> _What you will do_: From the line that holds "manly.ng Yomi Casual Man of the Year (6)" to the last line below, retype everything exactly and nothing else; omit pictures.
(Supplied data)
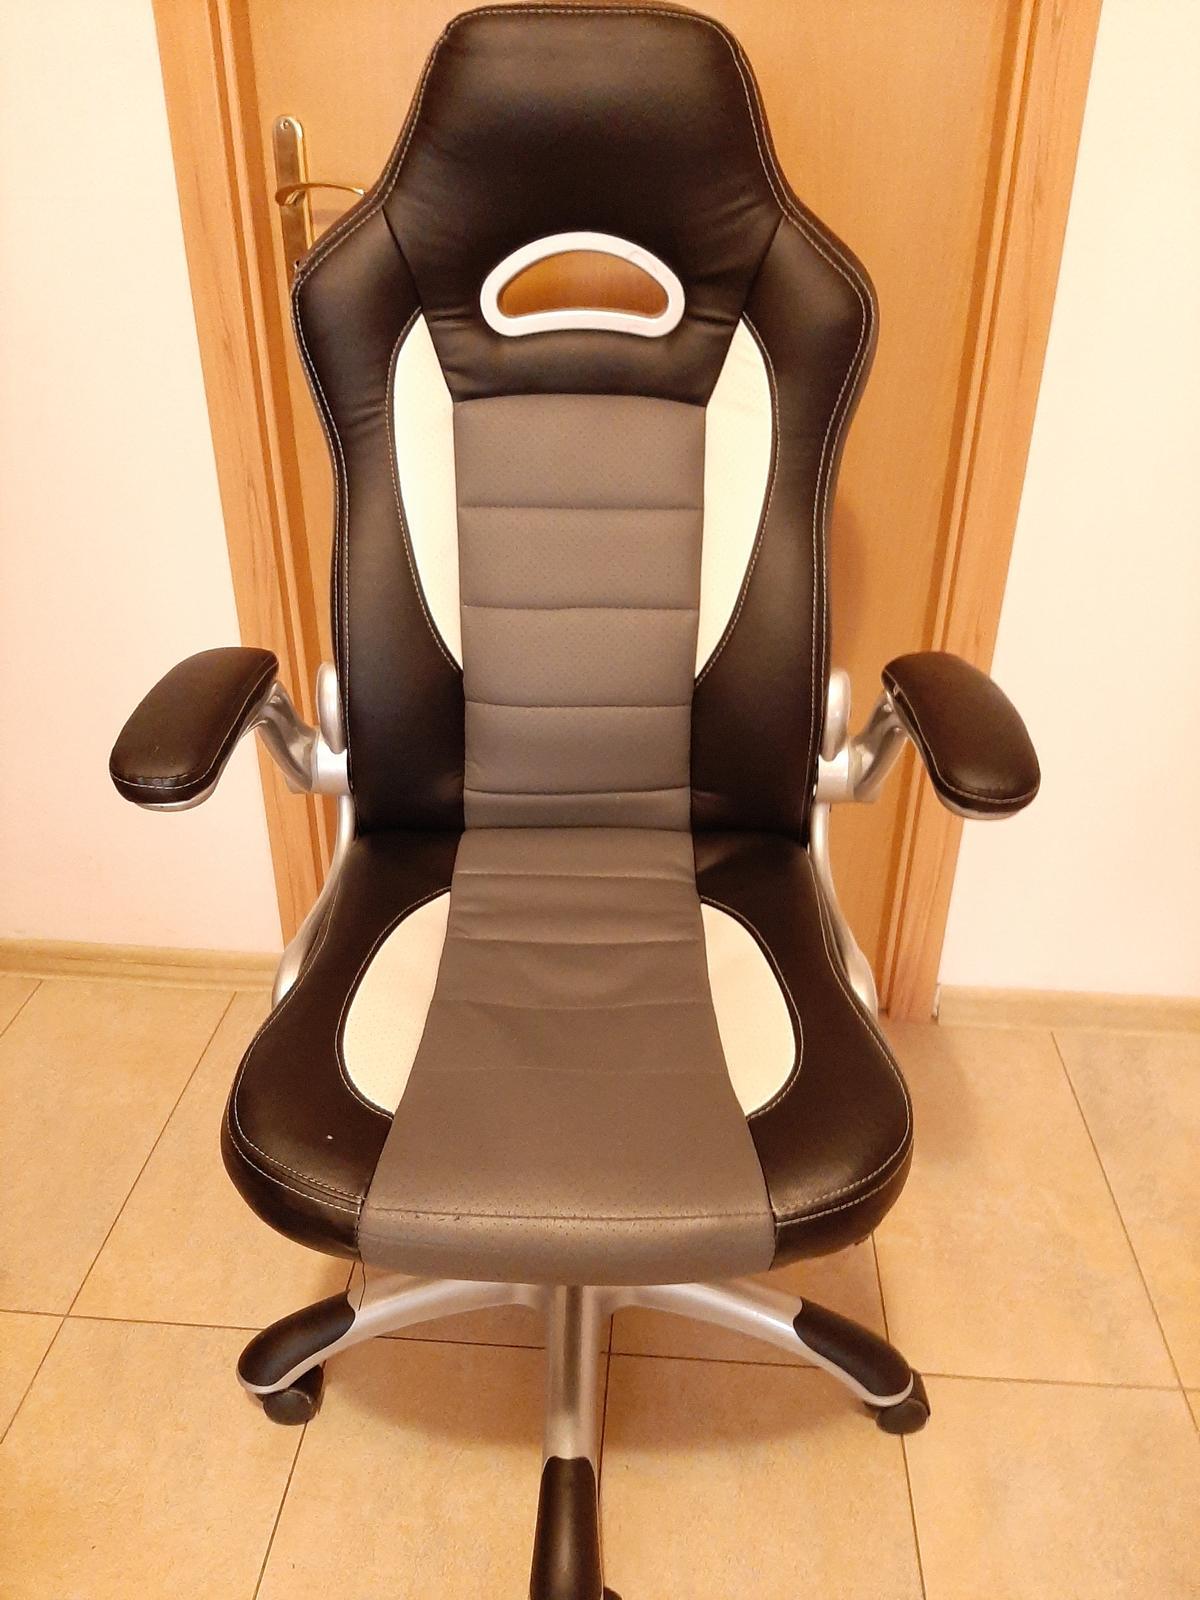 kancelárska masívna stolička - Obrázok č. 1
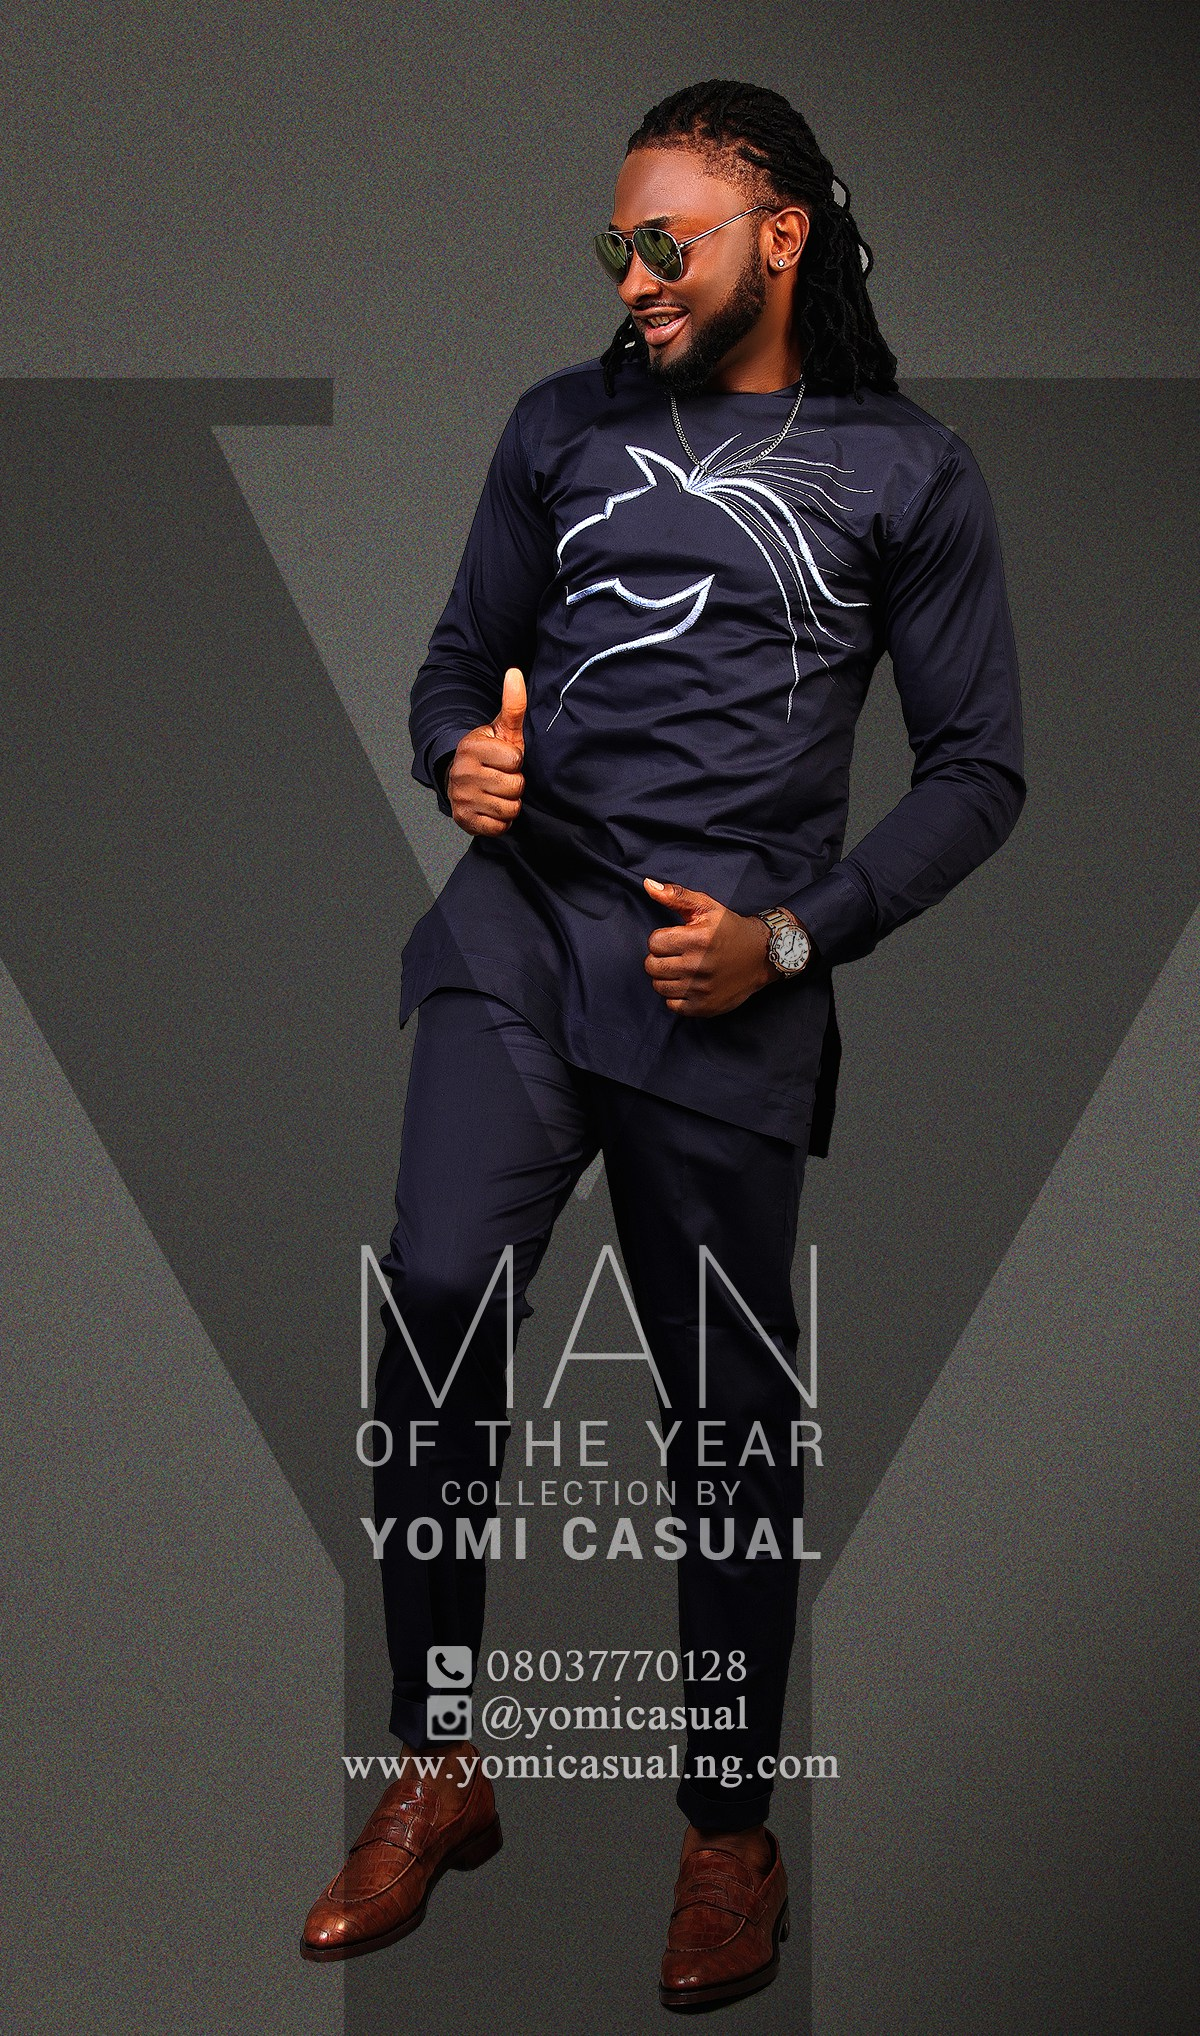 manly.ng Yomi Casual Man of the Year (6)
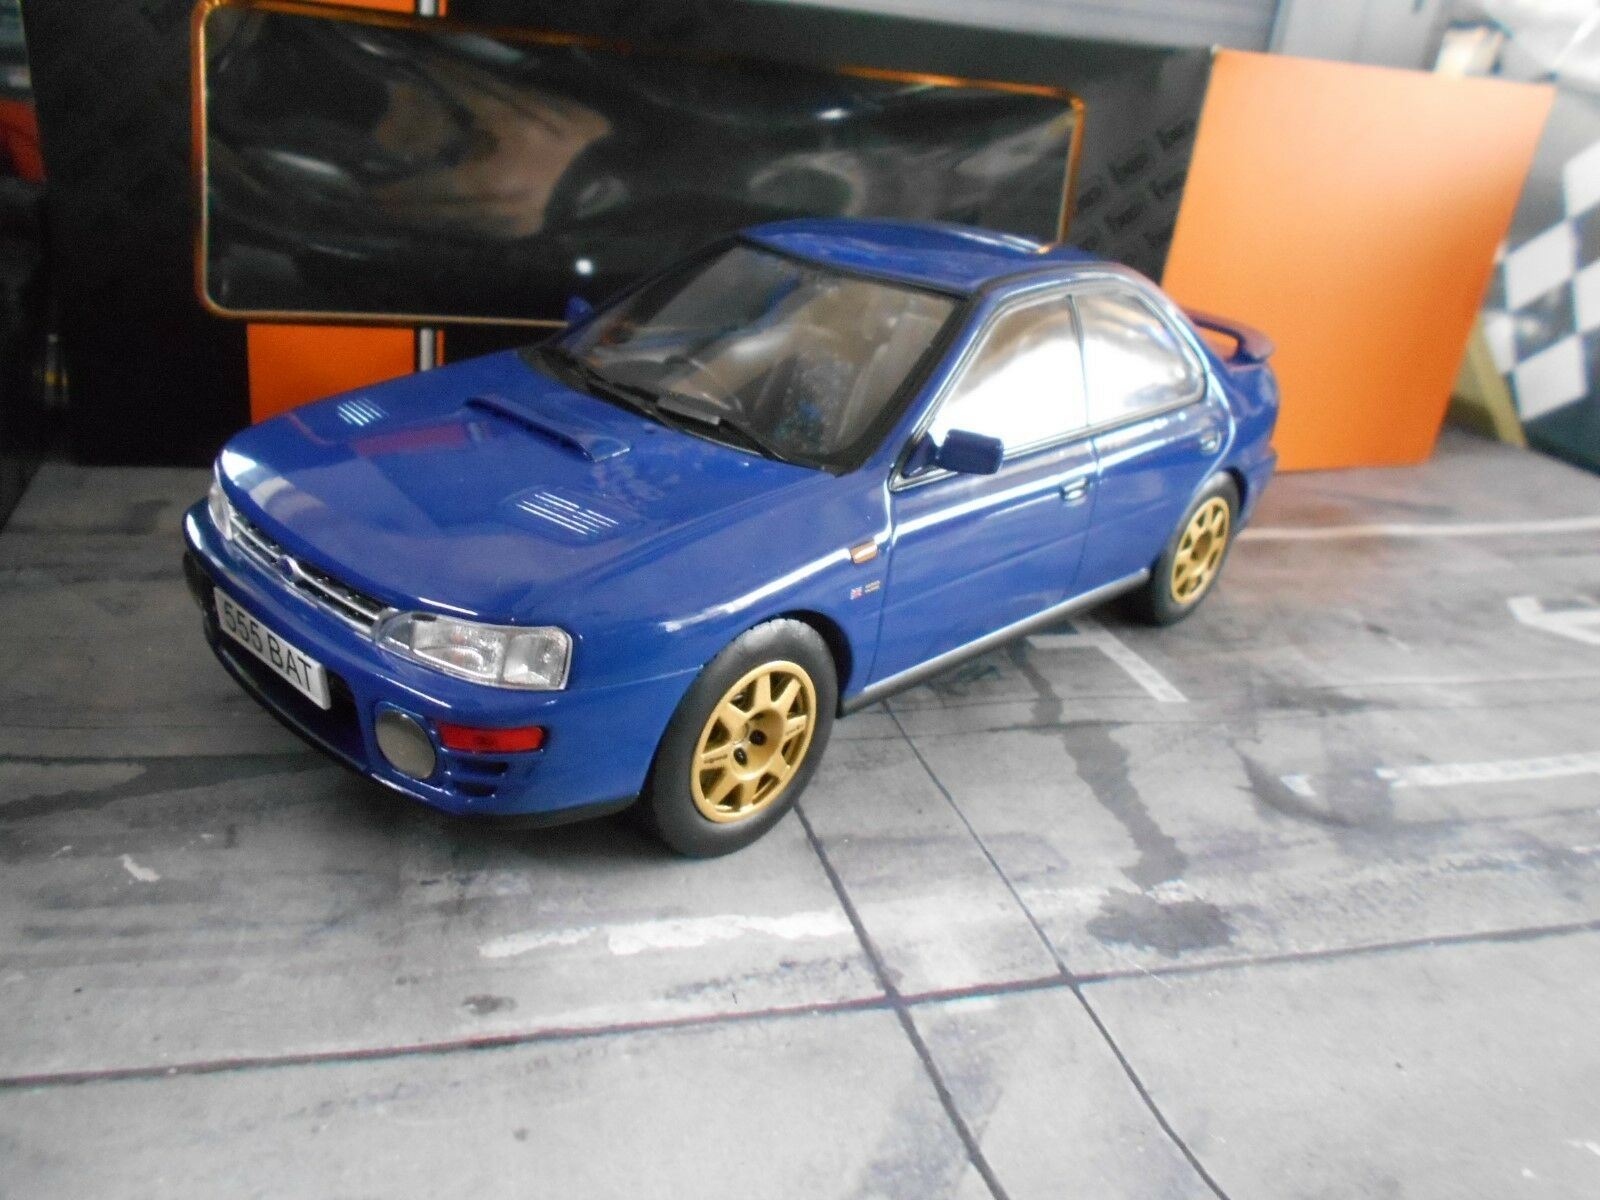 Subaru  Impreza WRX WRC Bleu bleu rue RHD 1995 IXO miniature neuf nouveau 1 18  Nouvelle liste
(End Supplied data)
> _Response to this task_:
 manly.ng Yomi Casual Man of the Year (6)
 Subaru  Impreza WRX WRC Bleu bleu rue RHD 1995 IXO miniature neuf nouveau 1 18  Nouvelle liste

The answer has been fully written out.